Published in final edited form as: Am Surg. 2018 Apr 1;84(4):576–580.

Prophylactic Antibiotics for Elective Laparoscopic Cholecystectomy

J Patrick Smith 1, Navdeep S Samra 1, David H Ballard 2, Jonathan B Moss 1, Forrest D Griffen 1
PMCID: PMC6468984  NIHMSID: NIHMS1022290  PMID: 29712609

Abstract

Surgical site infections with elective laparoscopic cholecystectomy are less frequent and less severe, leading some to suggest that prophylactic antibiotics are no longer indicated. We compared the incidence of surgical site infections prior to and following an institutional practice change of withholding prophylactic antibiotics for elective laparoscopic cholecystectomy. Between May 7, 2013, and March 11, 2015, no prophylactic antibiotics were given to patients selected for elective cholecystectomy by two surgeons at a single center. The only patients excluded were those who received antibiotics prior to surgery for any reason. All others, including those at high risk for infection, were included. The incidence and severity of infections were compared to historical controls treated with prophylaxis by the same two surgeons from November 6, 2011, to January 13, 2013. There were 268 patients in the study group and 119 patients in the control group. Infection occurred in 3.0% in the study group compared to 0.9% in the controls (p = 0.29). All infections were mild except one. Based on these data, the routine use of prophylactic antibiotics for elective laparoscopic cholecystectomy is not supported.
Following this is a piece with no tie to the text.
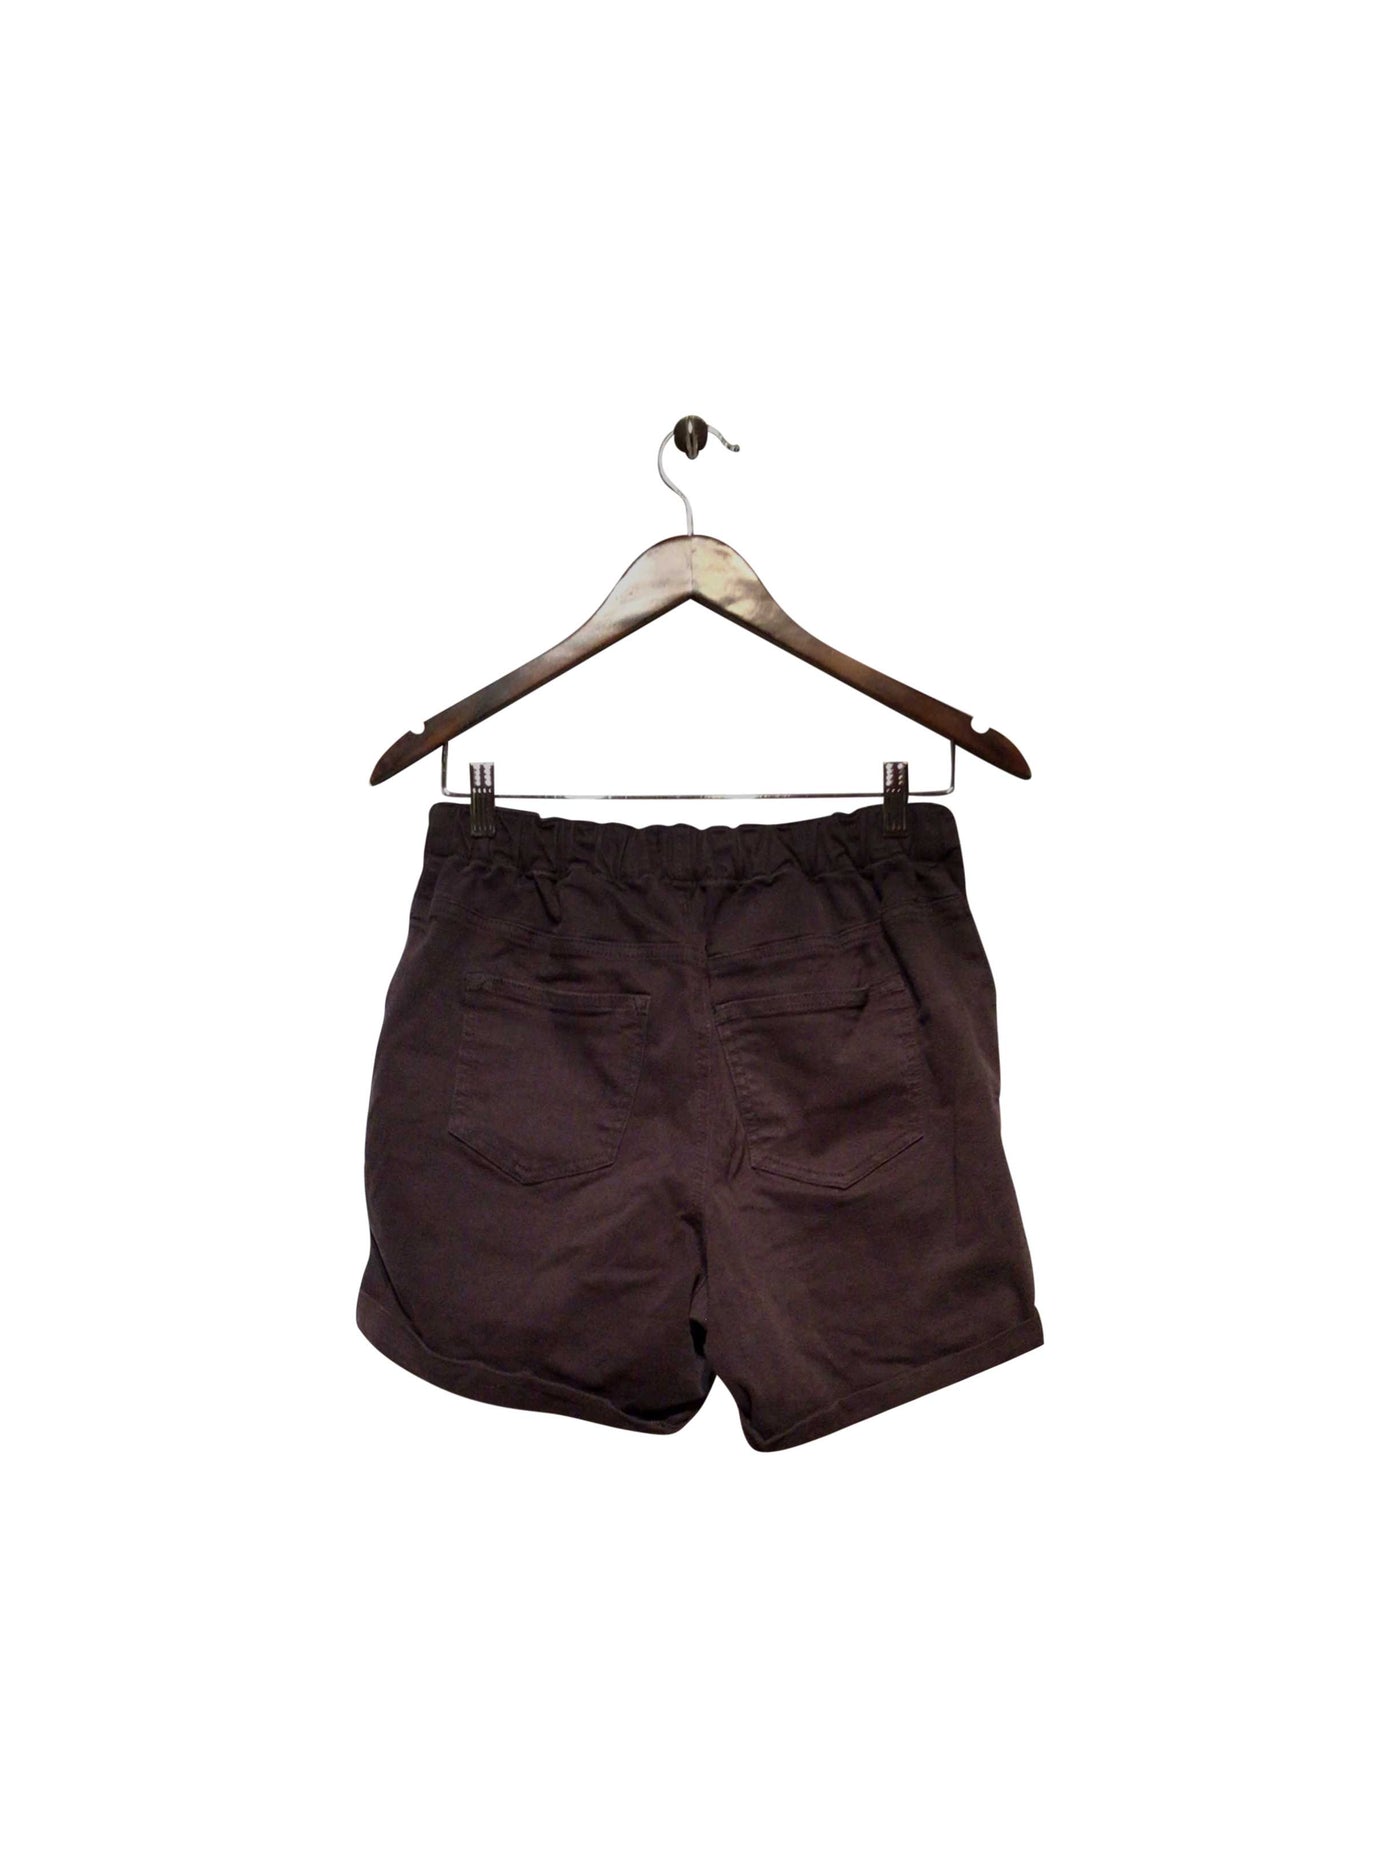 UNBRANDED Regular fit Pant Shorts in Black  -  28  7.99 Koop

Keywords: prophylactic antibiotics, laparoscopic cholecystectomy, cholecystectomy

Introduction:

During the 1960s through the 1980s, the era immediately before the common use of laparoscopic cholecystectomy (LC), surgical site infection (SSI) rates between 3% and 47% were reported for open biliary tract surgery. Data from a meta-analysis of 42 studies (4129 cases) showed that prophylactic antibiotics (PA) reduced infection rates by 9% (15% without and 6% with antibiotics).1 Since both the frequency and severity of infections with open cholecystectomy were compelling, these data weighed heavily in favor of PA.
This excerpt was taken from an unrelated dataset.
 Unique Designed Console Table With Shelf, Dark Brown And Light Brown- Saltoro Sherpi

As LC replaced open cholecystectomy from the late 1980s through the early 1990s, observers began to notice that infections were less frequent and less severe. Over time, several articles have shown that PA is probably not as beneficial for elective LC as it was for open biliary tract surgery.220 Paralleling the apparent loss of benefit, there is a newfound, heightened awareness of the complications of perioperative period including anaphylaxis, secondary infections like C. difficile colitis, and cost.
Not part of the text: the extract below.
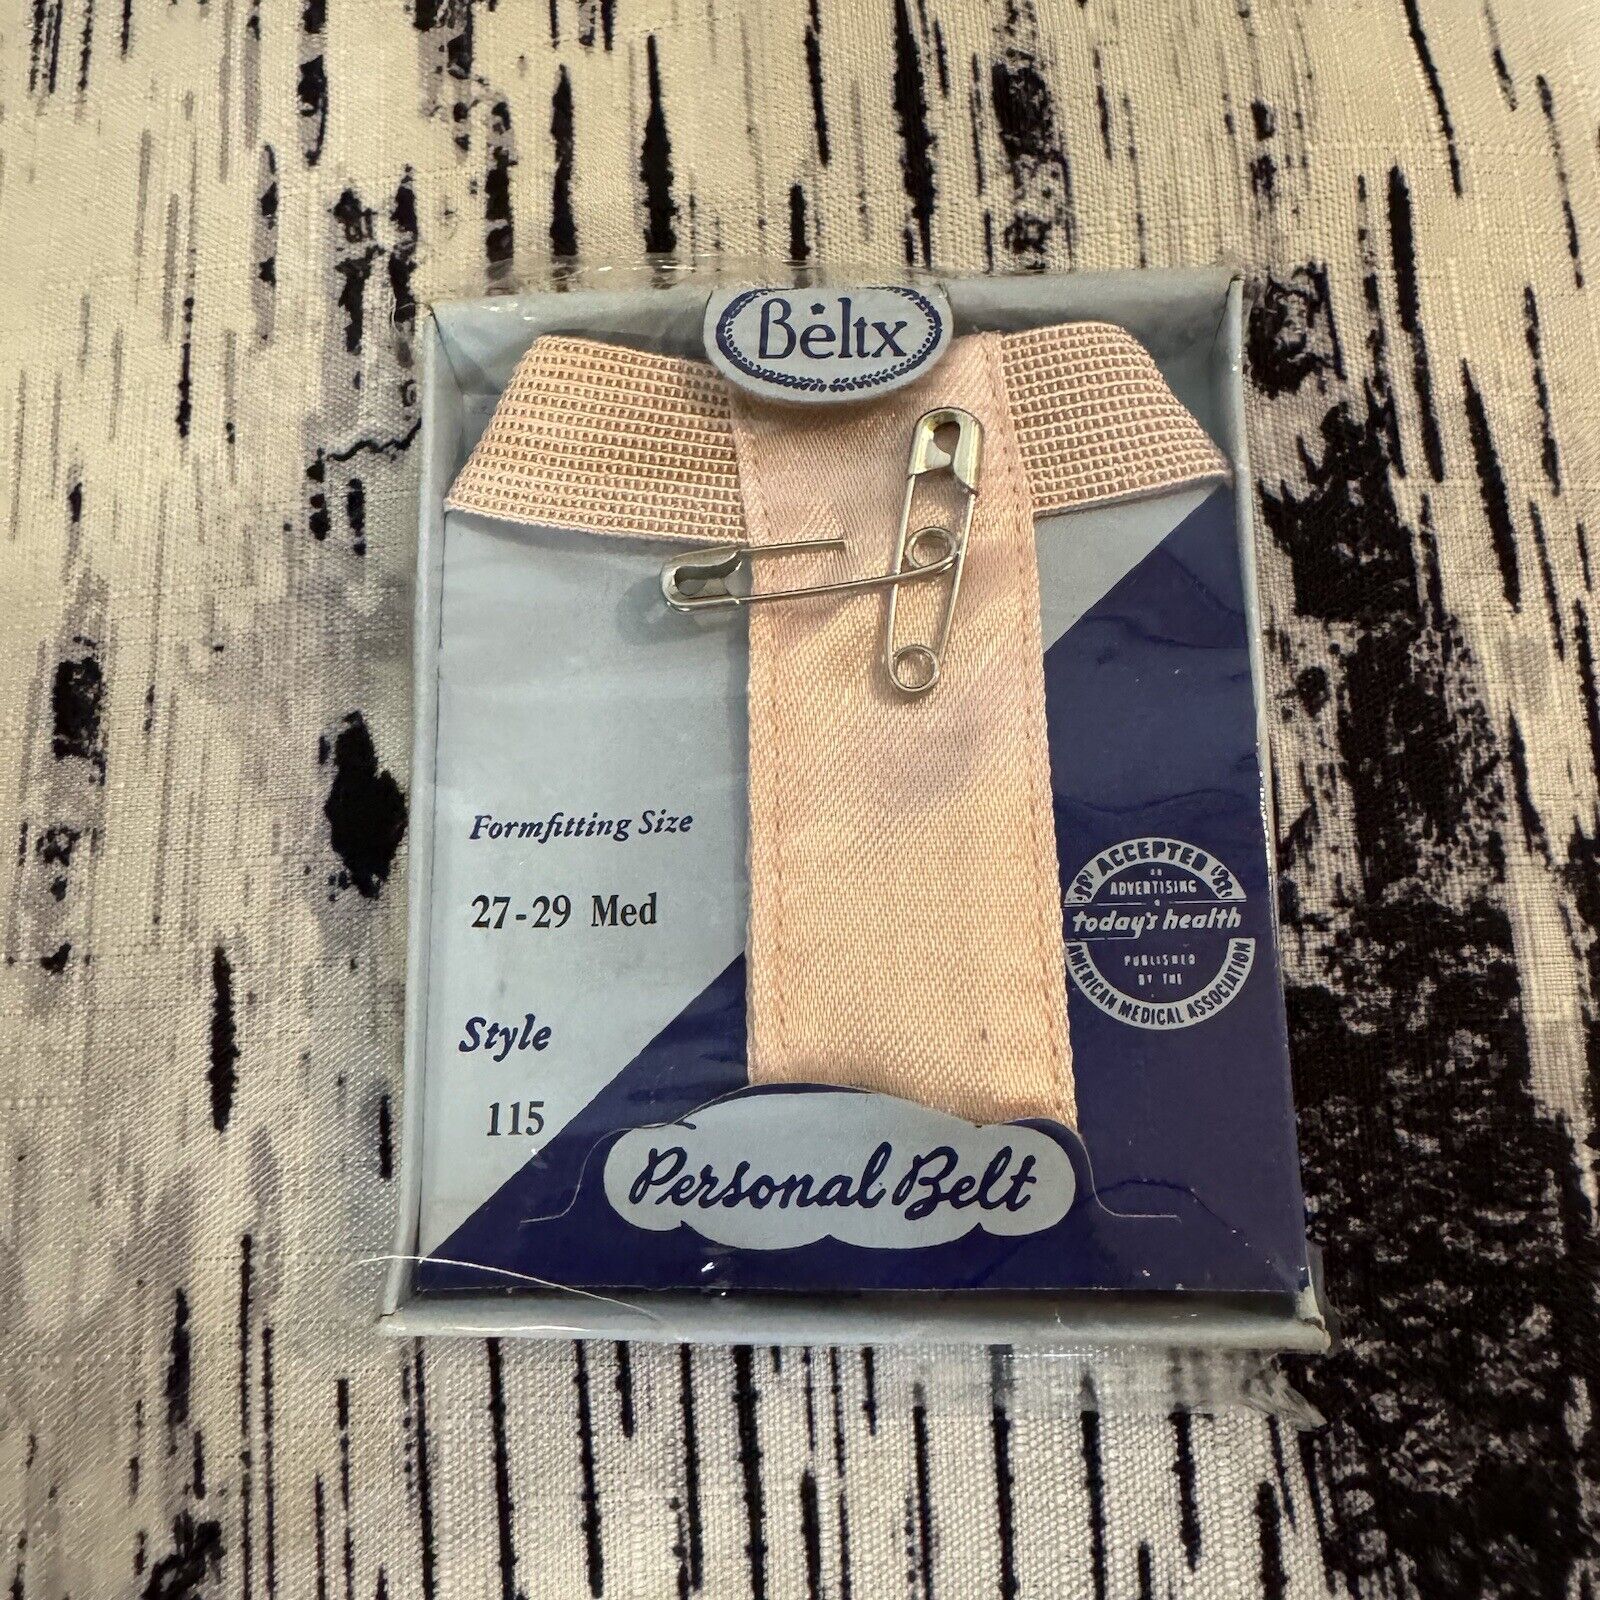 Vintage Beltx Sanitary Personal Belt Holds Sanitary Napkin New Original Package

Some reports evaluating the use of PA for elective LC are prospectively randomized, but almost all are understandably under-powered, given the estimated number of cases required for the low incidence of variables being studied. All prior studies are helpful but most have deficiencies, especially in the areas of intention-to-treat analysis, exclusion of patients at high risk for SSI, and statistical power.220 Our study provides data that address the intention-to-treat issue by including all cases, even those with high risk for SSI, and by strict adherence to a protocol that prohibits perioperative antibiotics except for established SSI or other nosocomial infections. As evidenced by the lack of standardized practices and clear-cut guidelines for PA for elective LC, there is an ongoing need for studies that add to the weight of evidence for or against PA for elective LC. We hypothesized that withholding PA for elective LC would have no significant effect on SSI rate. Thus, the purpose of our study was to compare the incidence of SSI for elective LC prior to and following a change institutional practice of withholding PA.

Methods:

This report is an IRB approved, retrospective, quality improvement study designed to test the efficacy of PA for elective LC at a single tertiary academic institution. It was initially designed to measure quality of care at a single institution by studying the incidence of SSI in elective LC with the universal use of PA. It included all elective cases that were not already on antibiotics performed by two surgeons. The cases performed between 11/6/2011 and 1/13/2013 were reviewed. The incidence of SSI was low, which led to the conclusion that PA may have more risk than benefit. Therefore, the study was continued from 5/7/2013 to 3/1½015 with the goal of establishing the incidence of SSI in a study group (SG) with no PA for comparison with this PA cohort, which was chosen as a secondary database to serve as a control group (CG). Going forward, the goal was to address concerns about the available data raised by authors of consensus reports and meta-analyses: 1) shortcomings in intention-to-treat analysis, 2) insufficiently powered reviews, 3) risk of case selection bias. All SG cases received no PA. The selection and exclusion criteria remained the same as for CG. Excluding only cases already given antibiotics before surgery for any reason, all other cases of elective LC were included, even those with co-morbidities presumed to increase the risk of SSI. No intraoperative antibiotics were given for any reason, and no postoperative antibiotics were given in the absence of documented infection after surgery. Elective LC was defined as outpatient LC performed for indications such as past documented or suspected cholecystitis, biliary colic, and cholelithiasis. Based on the SSI rate of the historical control (1½011 to ½013), it was calculated that a sample size of 268 patients was required to reach a power of 0.8 for inferential comparison of SSI rates; thus the study was continued until this point.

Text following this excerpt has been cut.